Resumo criado por JUSTICIA, o assistente de inteligência artificial do Jus.

A execução indireta é meio do juiz para pressionar psicologicamente o executado, podendo aplicar multa de ofício, independente de requerimento da parte, pelo não cumprimento de obrigação determinada em decisão em sede de tutela provisória.

A Execução Indireta figura como um mecanismo processual disponibilizado para o Estado-Juiz fazer valer sua autoridade. Em verdade, é o meio pelo qual o Estado, através do Poder Judiciário, tenta “convencer” o devedor que o melhor a se fazer diante de uma circunstância processual é cumprir determinada obrigação.

De acordo com o ilustre processualista Daniel Amorim Assumpção Neves “A execução indireta pode ocorrer de duas formas: ameaça de piora na situação atual (astreintes, prisão civil) ou oferecimento de melhora na situação atual (arts. 827, § 1º, e 701, § 1º, ambos do Novo CPC)1.

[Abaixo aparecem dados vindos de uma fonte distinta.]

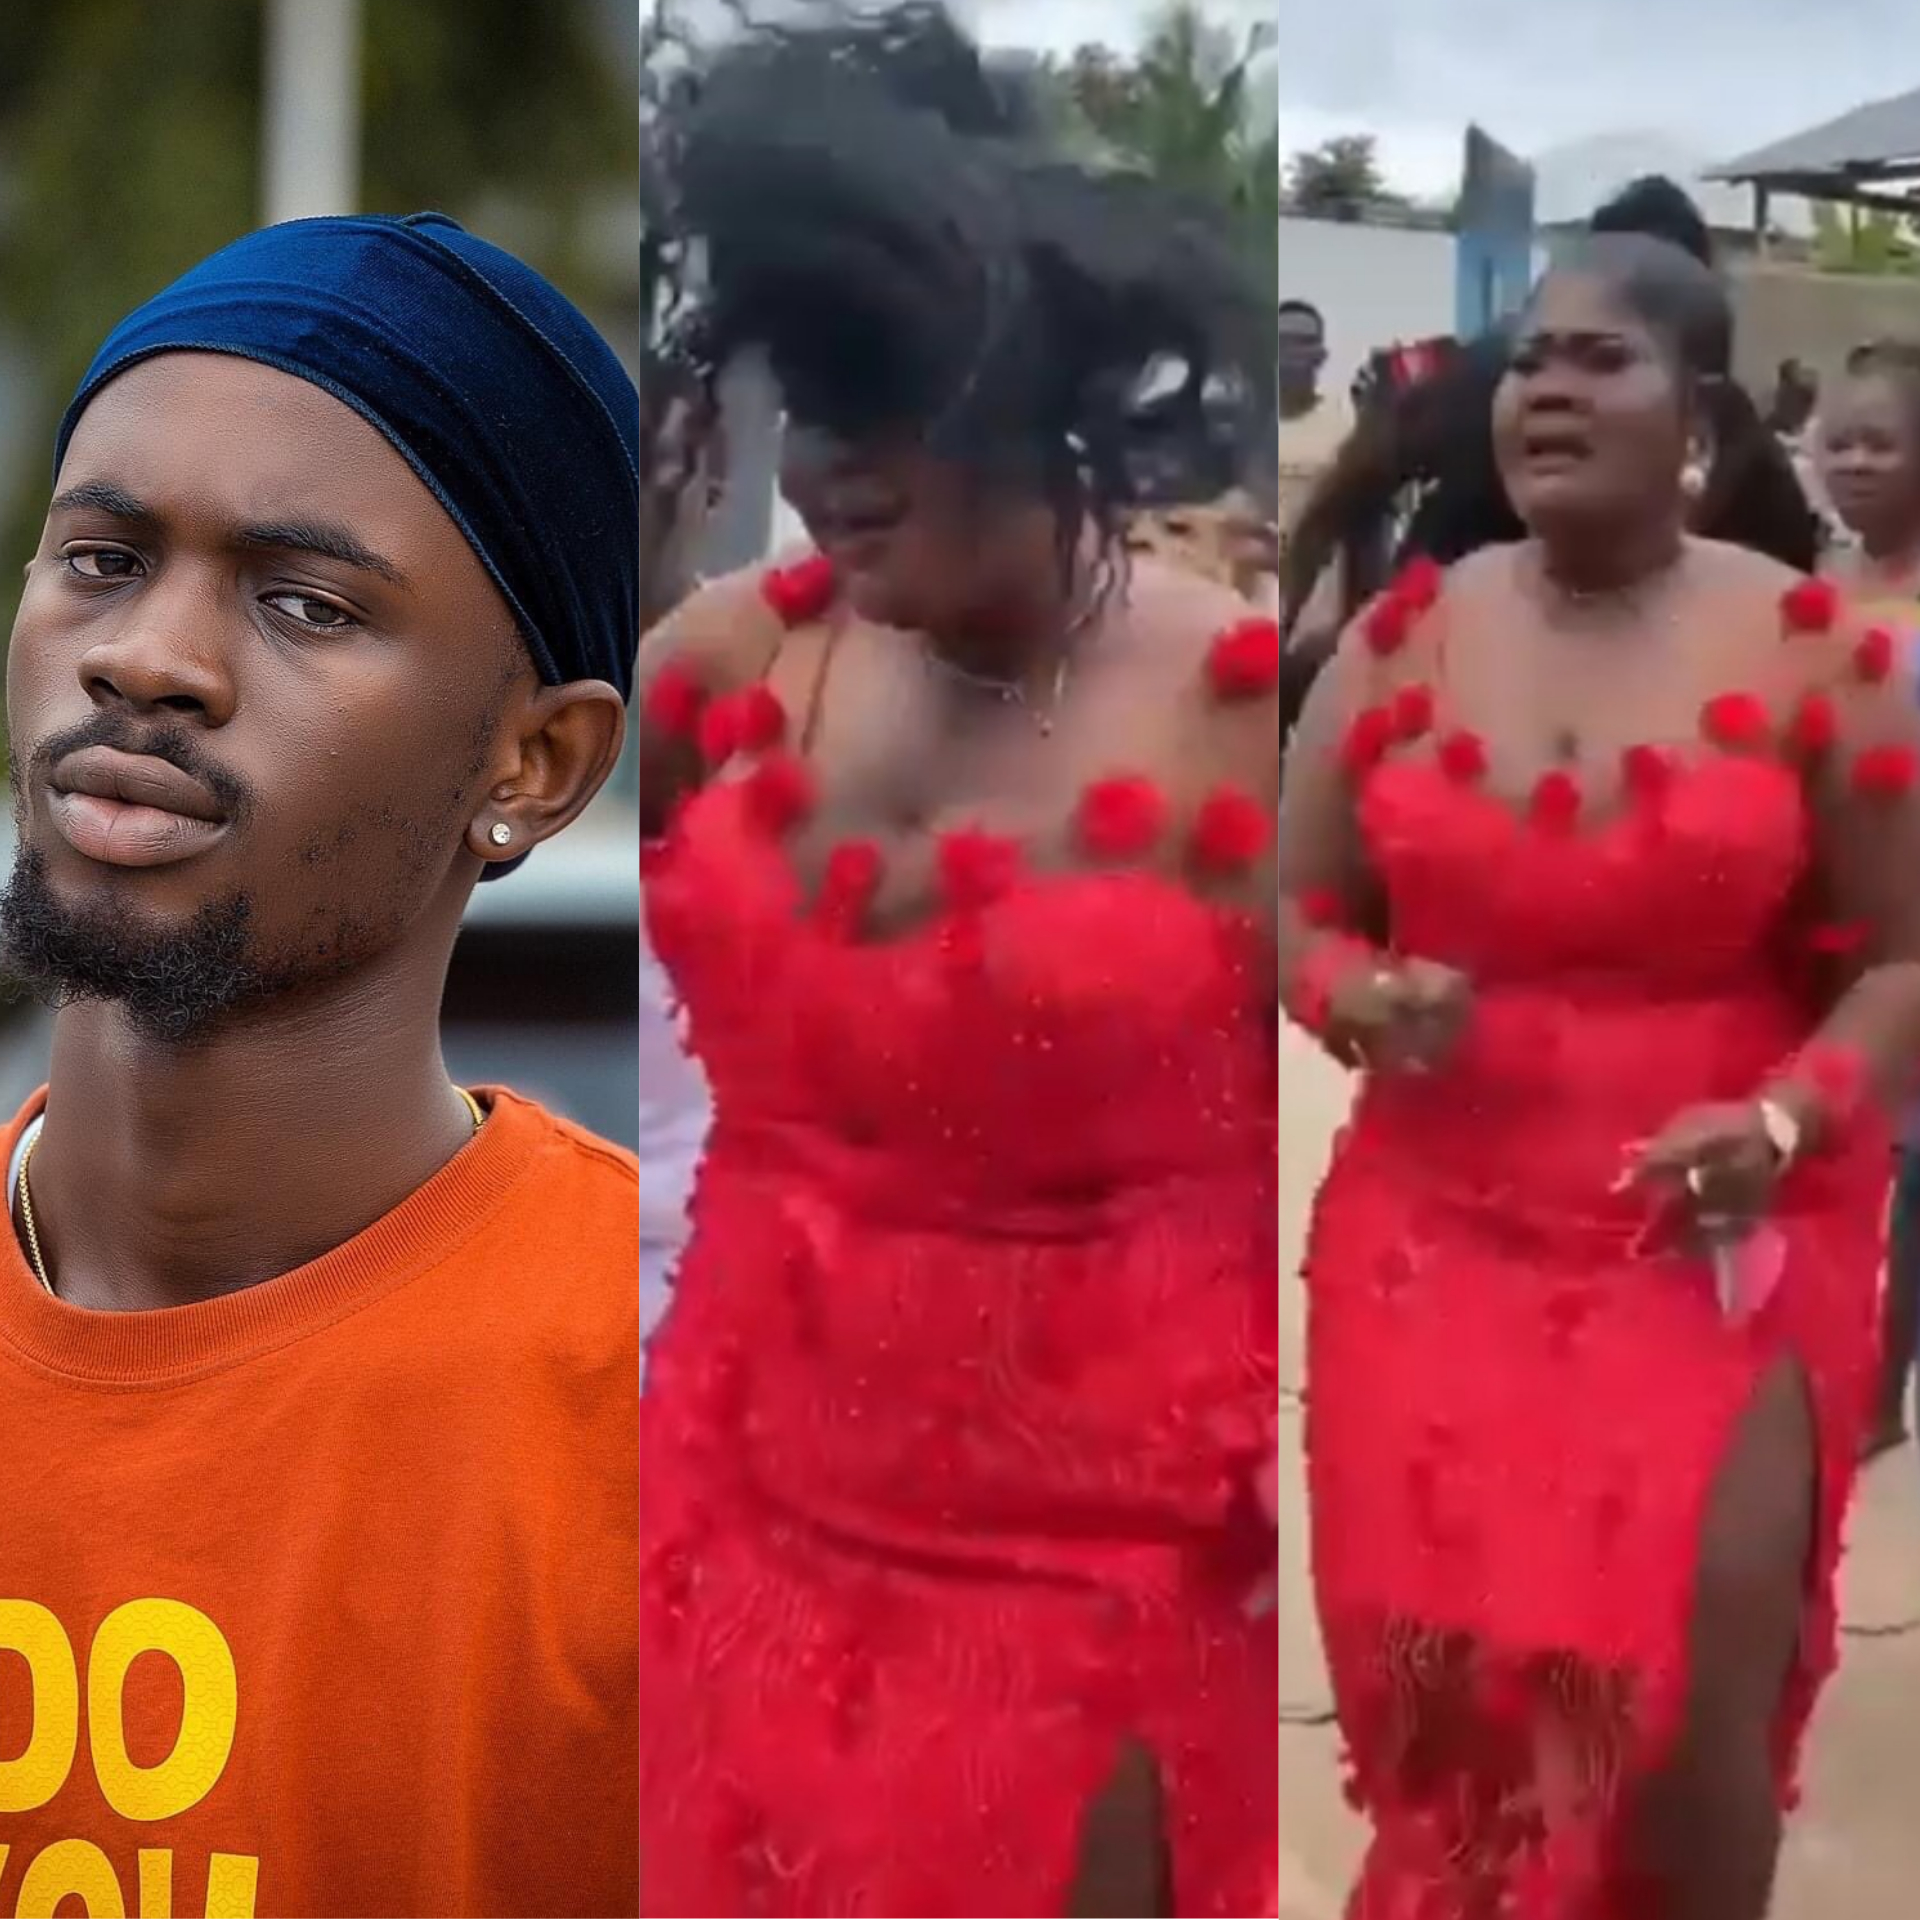 Lady madly sings Black Sherif's Second Sermon song at a wedding ceremony

Como se pode notar, a Execução Indireta não se vincula diretamente ao objeto ou ao pedido principal de determinada Demanda Judicial.

Trata-se de meio exclusivo do juiz, utilizado para pressionar psicologicamente o executado para que modifique sua pretensão material de ver frustrada a satisfação do direito do Autor.

Tanto é verdade que a Execução Indireta independe de requerimento da parte e pode incidir em qualquer fase do processo.

Exemplo emblemático pode-se extrair da possibilidade de aplicação de multa diária de ofício estabelecida no art. 537. do CPC.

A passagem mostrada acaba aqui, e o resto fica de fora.